I had that experience in mind.

Except for QUIC (whose implementors and deployers understood and
expected to have to make backwards-incompatible changes / move to HTTP/2
and /3), HTTP/2 and TLS 1.3 didn't get widespread deployment during this
process.  But they did get some, and that "some deployment" was
absolutely critical to their success.

> Common practice has become something like this:
> 
> [...]
> 
> This does not really fit into the PS/DS model: We absolutely need
> to deploy early versions to find potential issues (this was critical
> to TLS 1.3) but we all know that those documents don't meet the PS
> bar as they may have known defects or at least open issues. There's
> also no real use for Full Standard. The market doesn't care about it
> and the people who are doing the work either are (1) fixing/extending
> the protocol (using the process above) or (2) have moved onto some
> other protocol.

Not only that, but when a WG has the energy for this, it's the only way
to move at a pace that doesn't kill that energy.

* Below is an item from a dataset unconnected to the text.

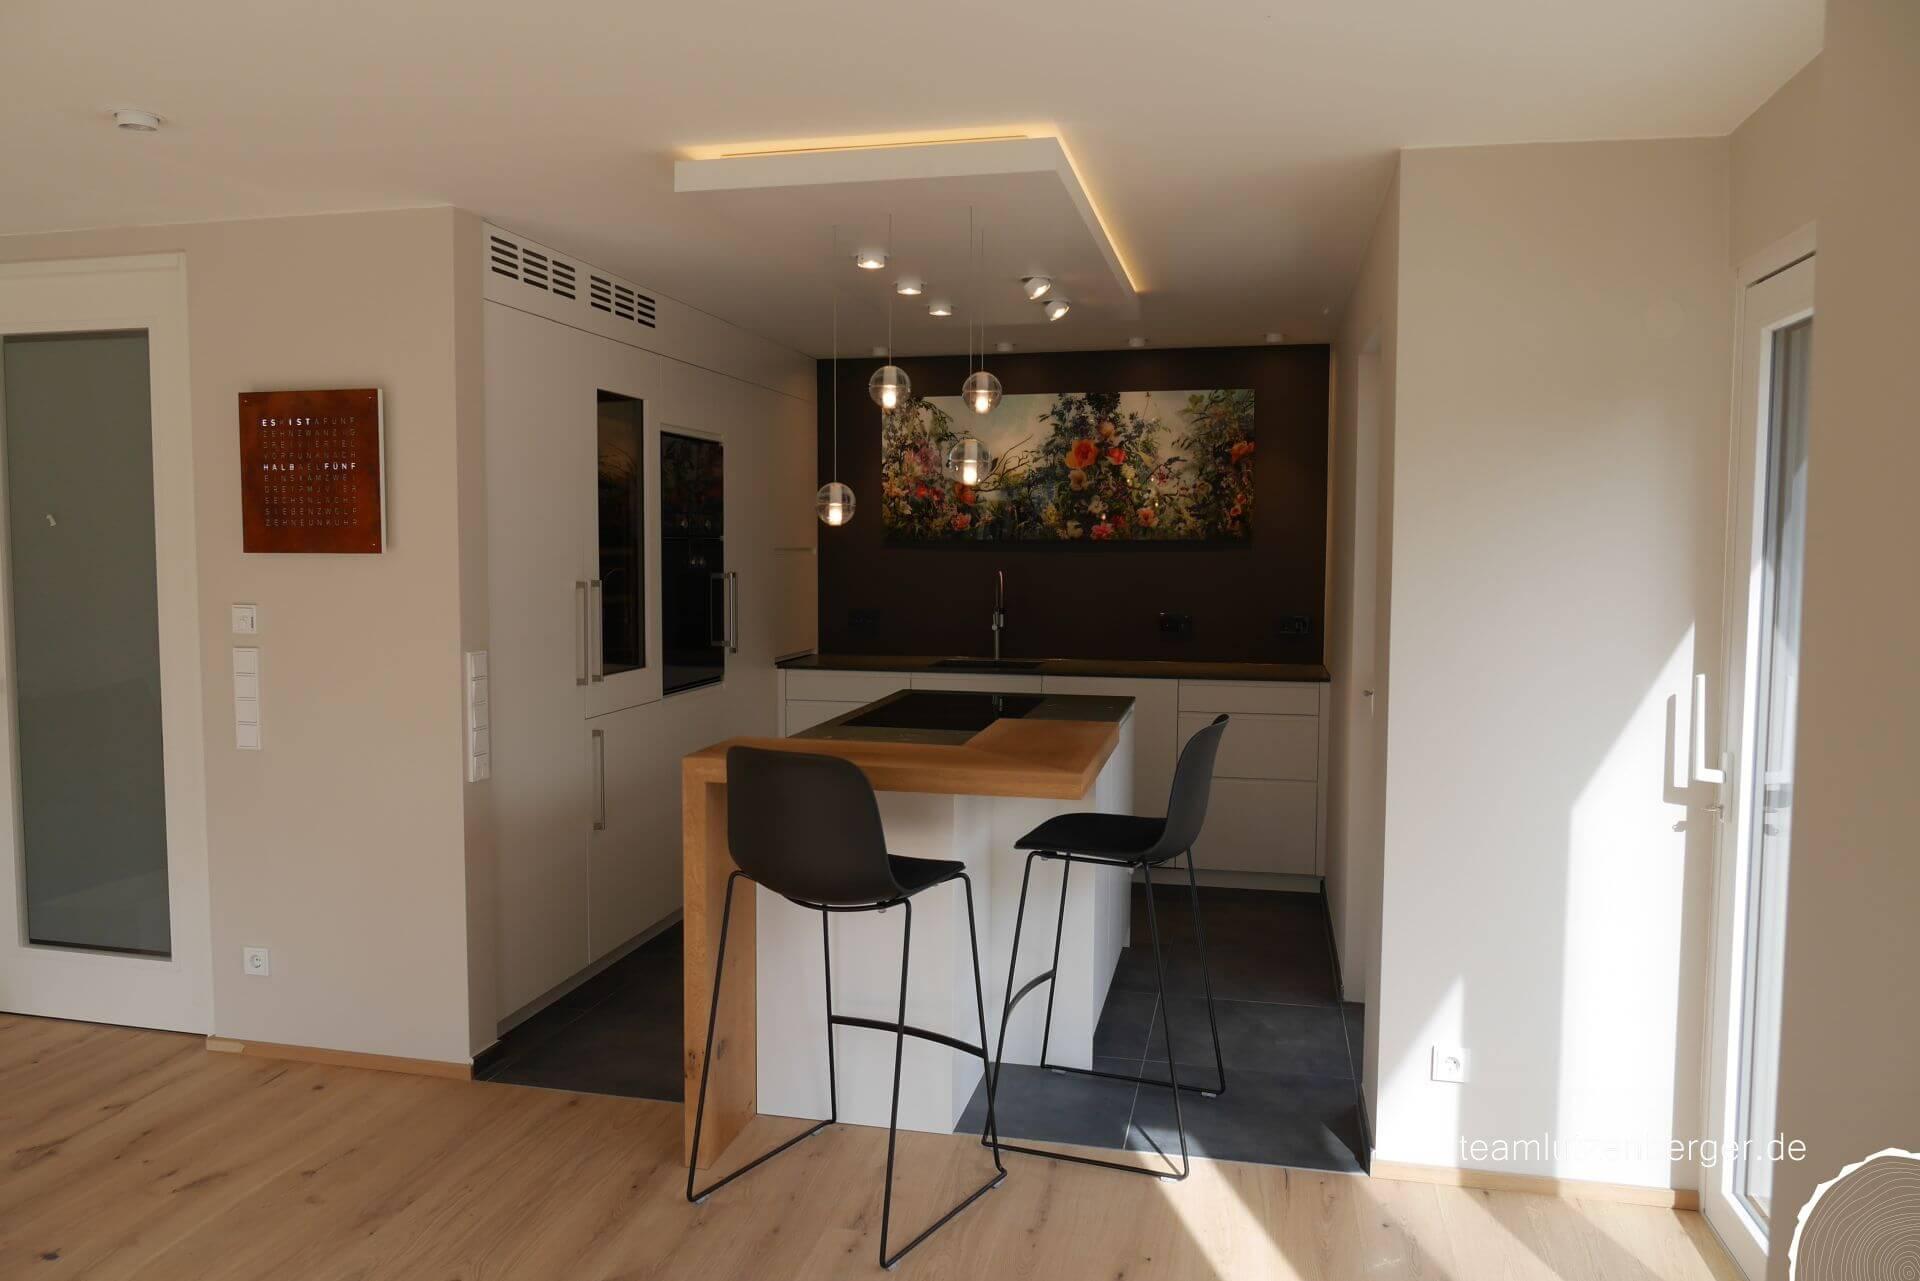 Küche Doppelhaushälfte Schwabing - Teamlutzenberger
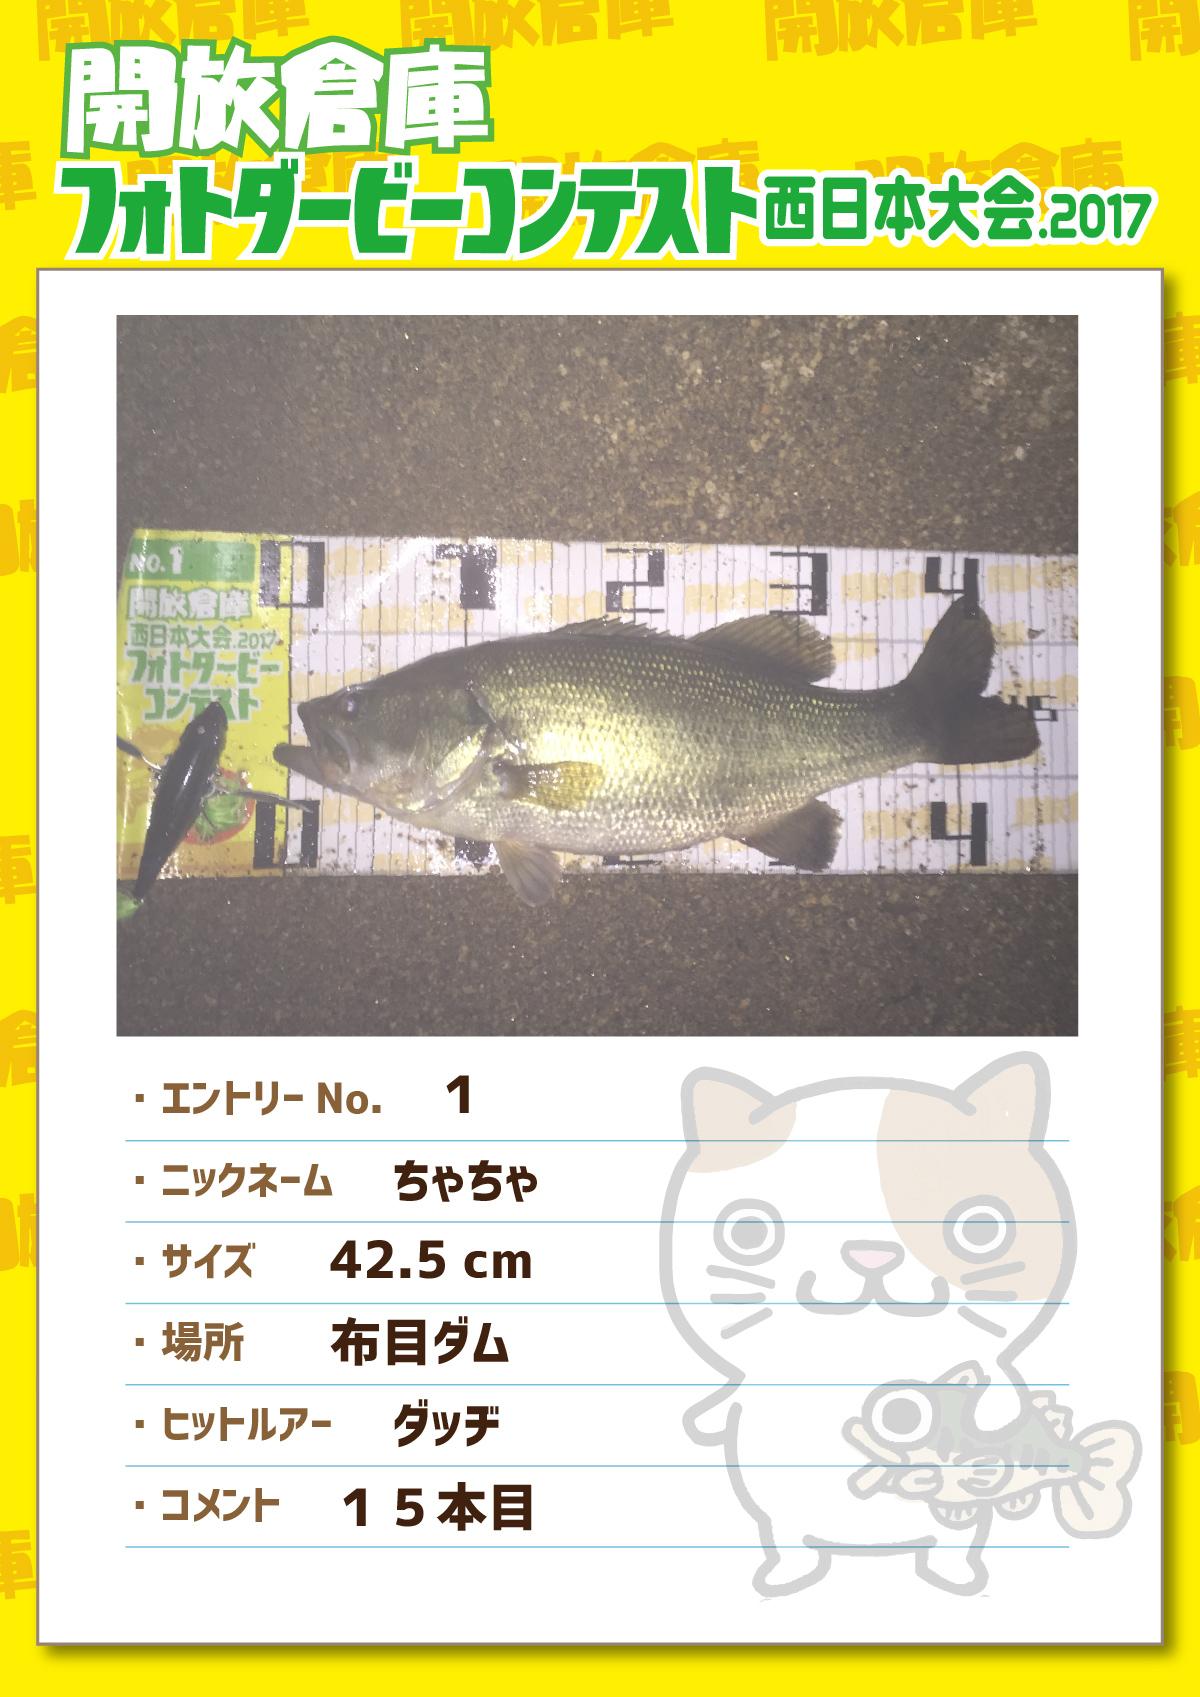 No.001 ちゃちゃ 42.5cm 布目ダム ダッヂ 15本目

    I-D -> PS -> DS -> STD  ==  fizzle

> It's not clear to me how well this Evolving Documents proposal would
> fit into such a model [0], but I thought a field report on what is becoming
> common practice might be useful.
> 
> -Ekr
> 
> [0] The real need I find is to be able to make minor fixes to the
> documents (mostly editorial errata or clarification of points on which
> there was consensus) without re-spinning the RFC, which people don't
> have the energy for.

And if we're going to continue to have STDs, then we'll want to have
tooling for submission of implementation, deployment, and interop
reports.

Also, if we want to stick to the idea of removing parts of PSes that are
not interop tested, then we might want to have a more formal way of
marking every "feature" that needs interop testing.  Heck, even if we do
drop that old idea, we should do this.

Perhaps we could take a page from specs like x.680 and x.690 and
friends, which have lots of very short sub-sections that match closely
to features that one could then list by their section numbers.